### [Activity]
Of the lines in the material below, print only those from the one containing "Persian hand knotted medallion" to the one containing "This authentic Persian", ends included, exactly as written and without pictures.
··· Input records ···
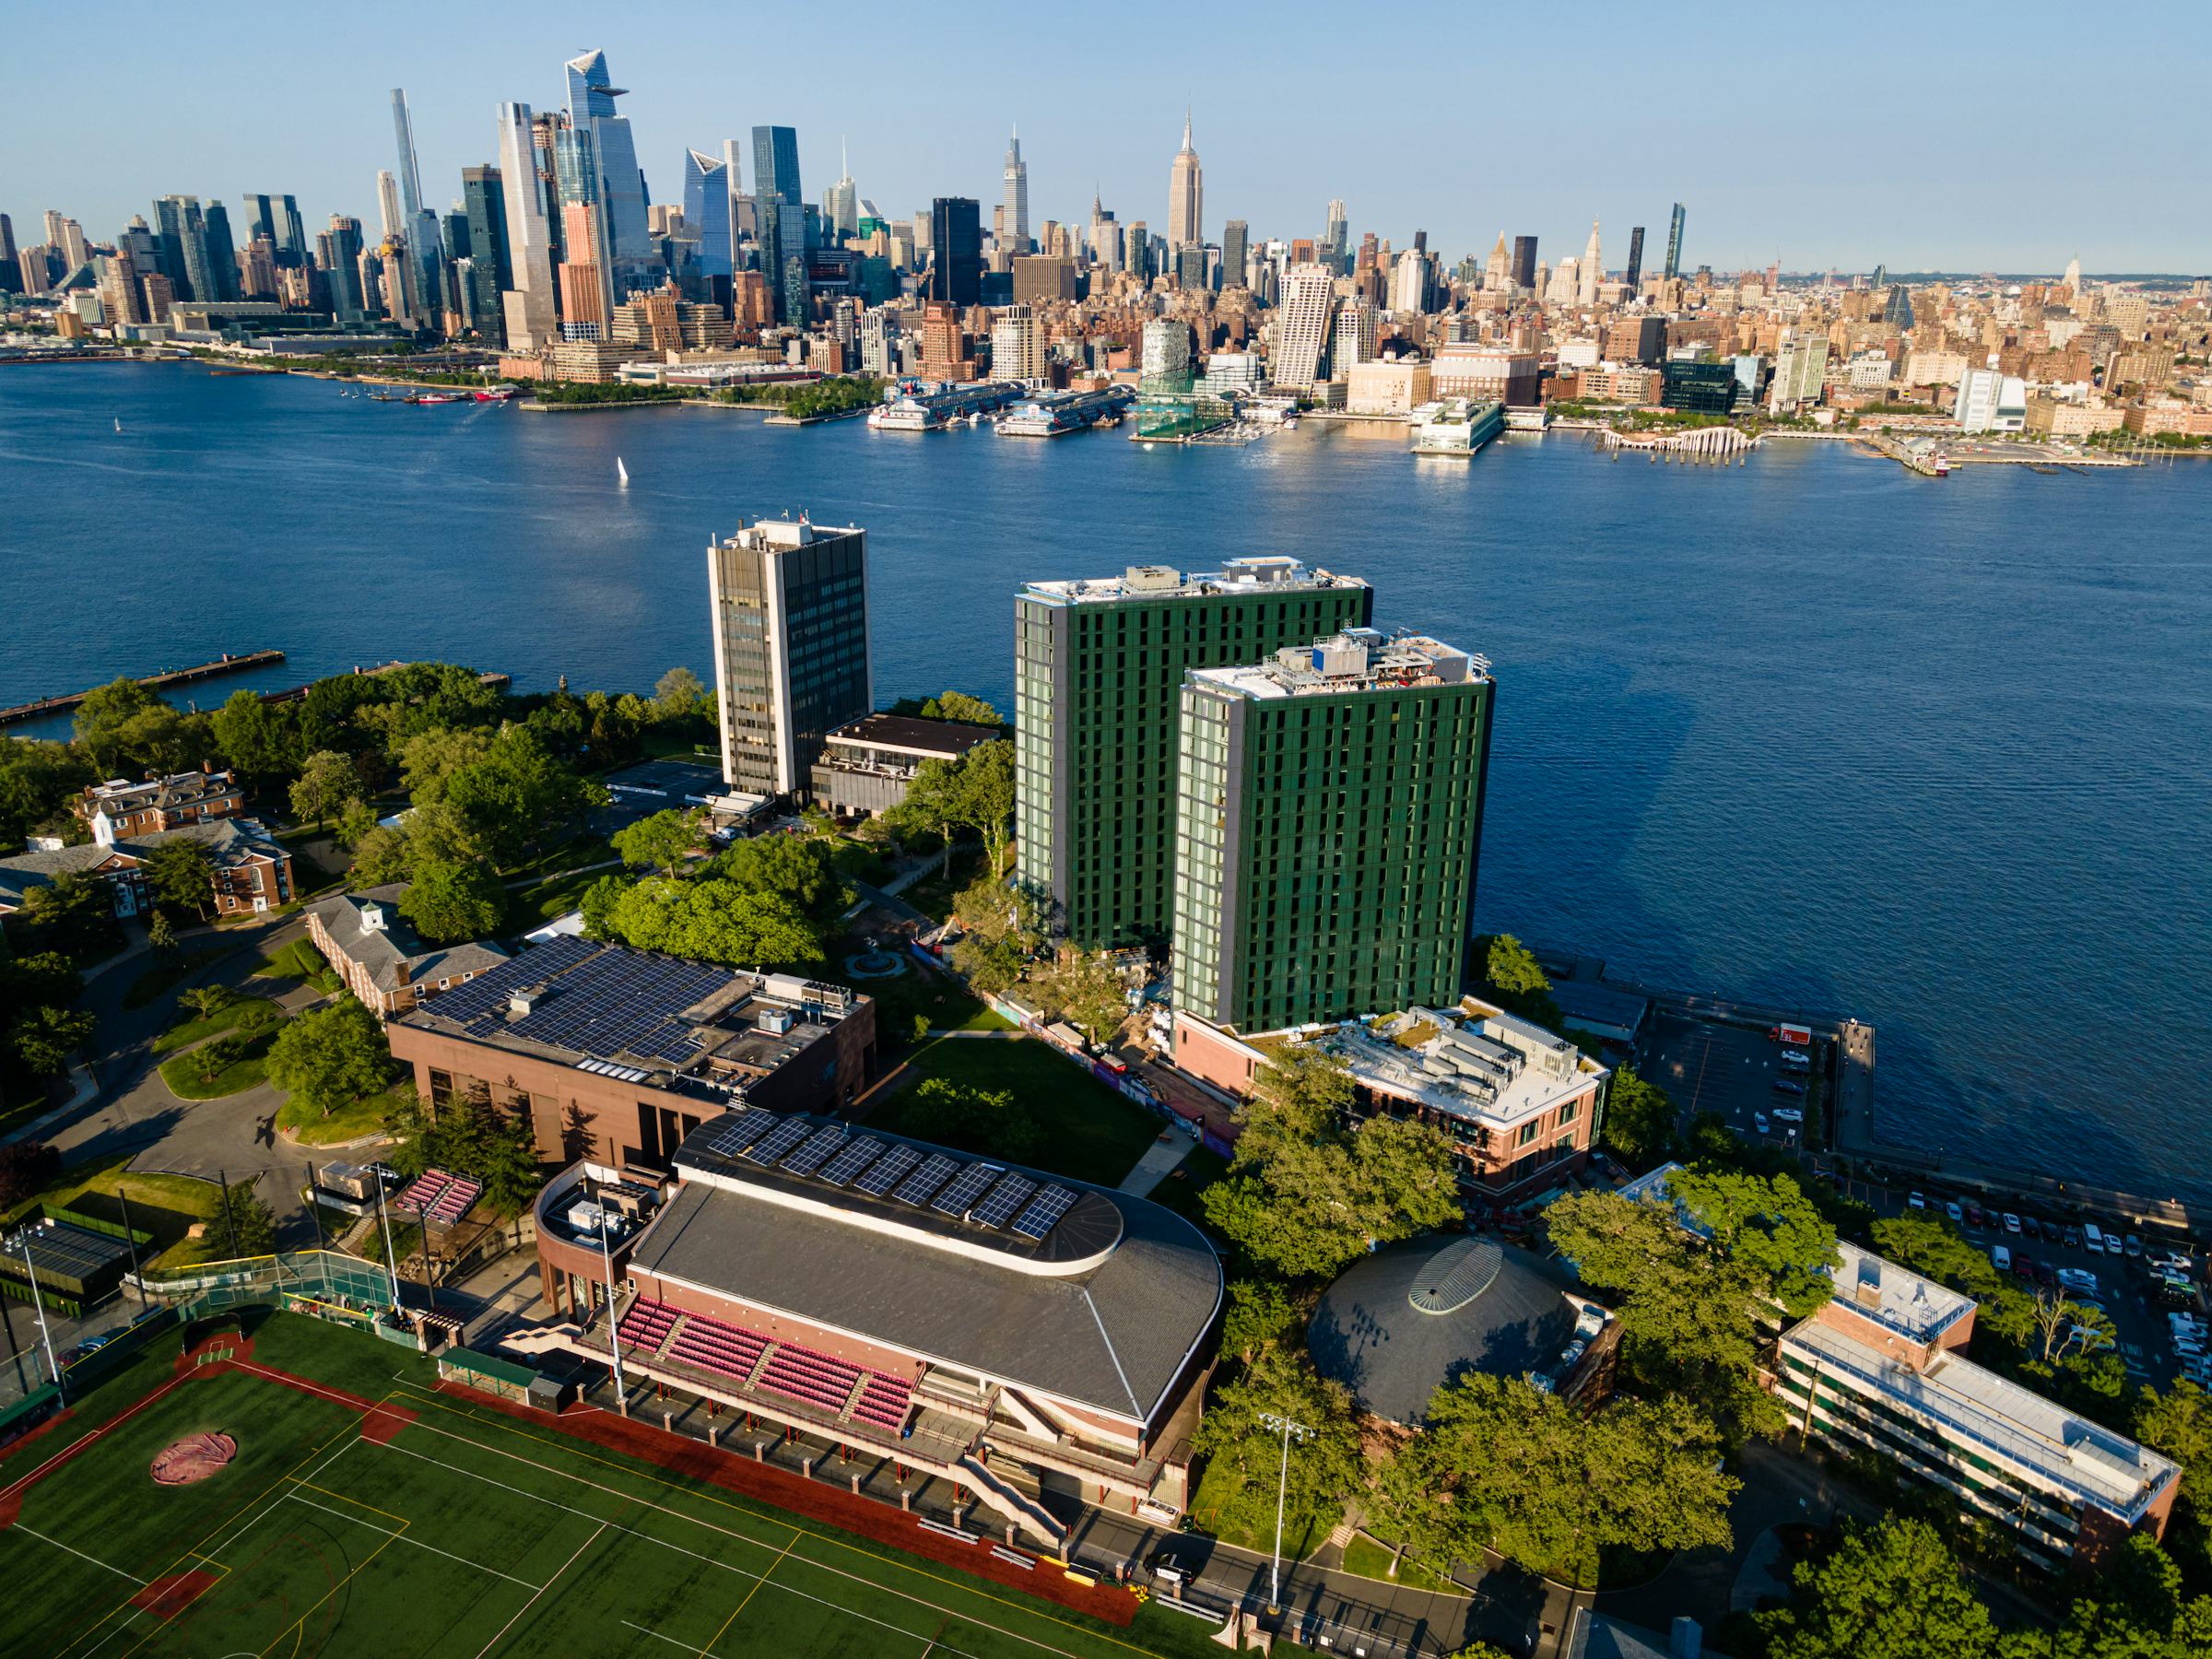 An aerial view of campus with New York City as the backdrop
···
··· Input records ···
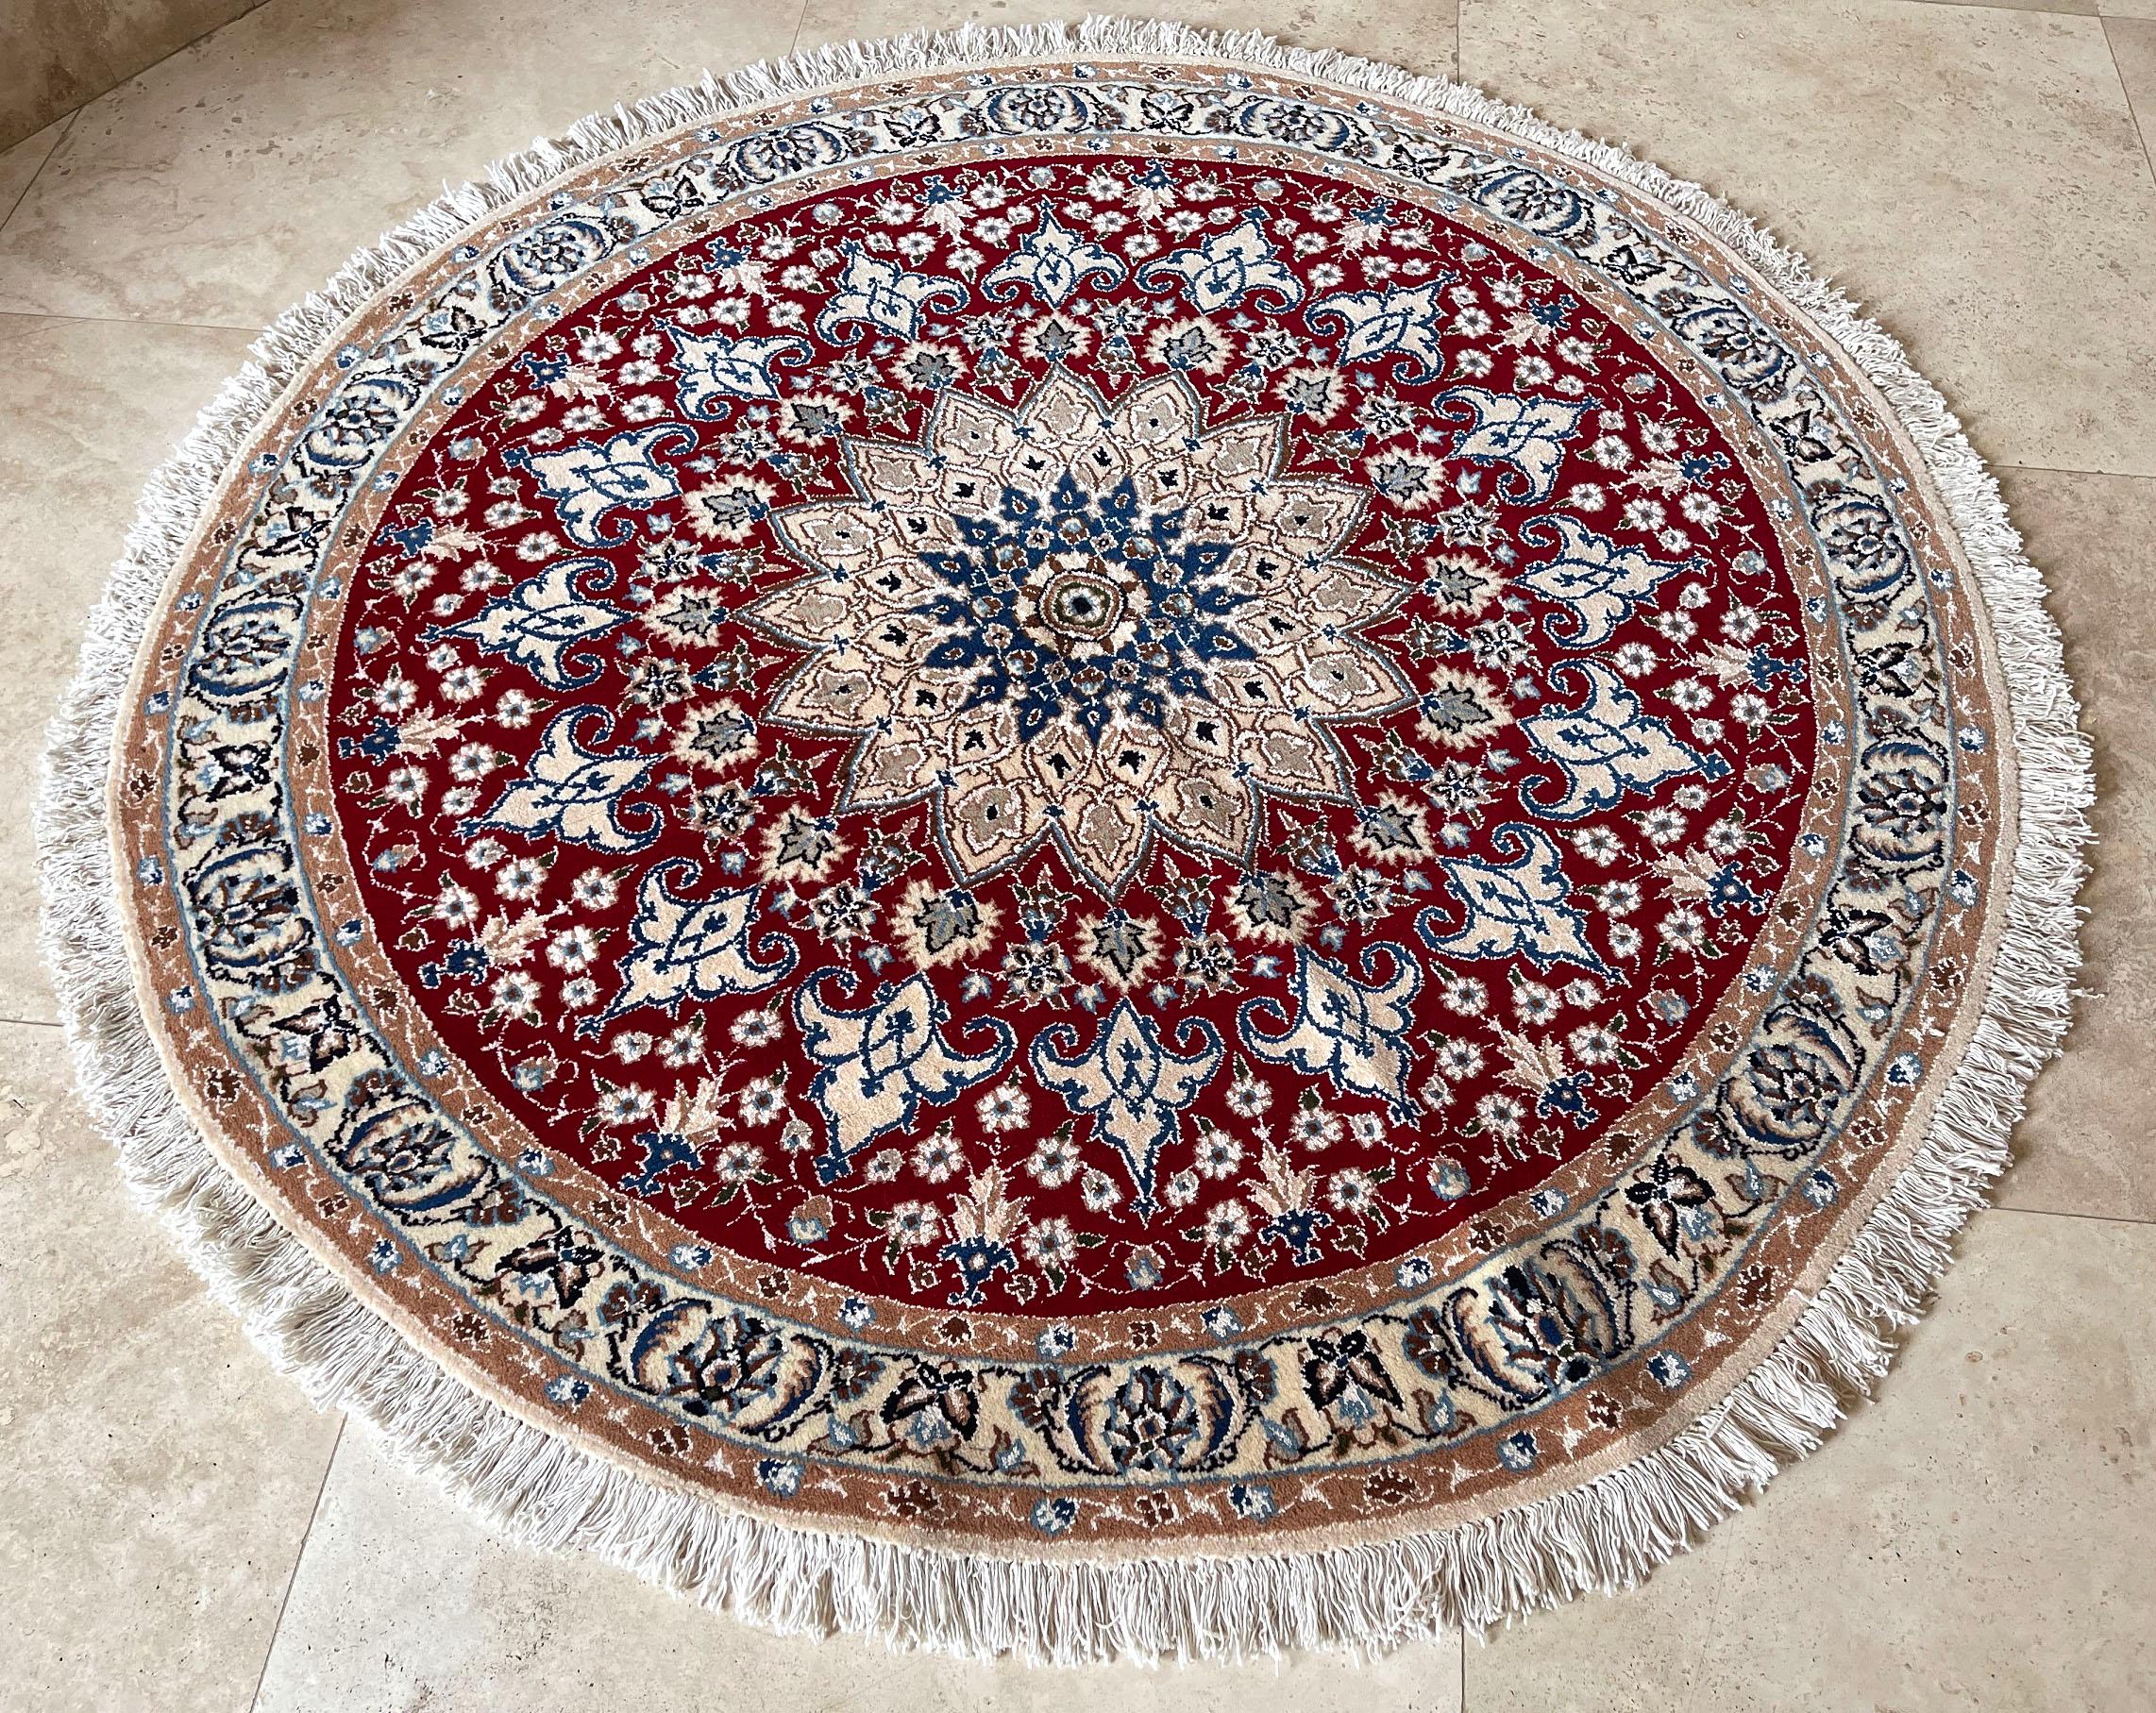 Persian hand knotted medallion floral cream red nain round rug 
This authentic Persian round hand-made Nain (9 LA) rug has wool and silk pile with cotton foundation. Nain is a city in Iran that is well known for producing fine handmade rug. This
···
### [Answer space]
 Persian hand knotted medallion floral cream red nain round rug 
This authentic Persian round hand-made Nain (9 LA) rug has wool and silk pile with cotton foundation. Nain is a city in Iran that is well known for producing fine handmade rug. This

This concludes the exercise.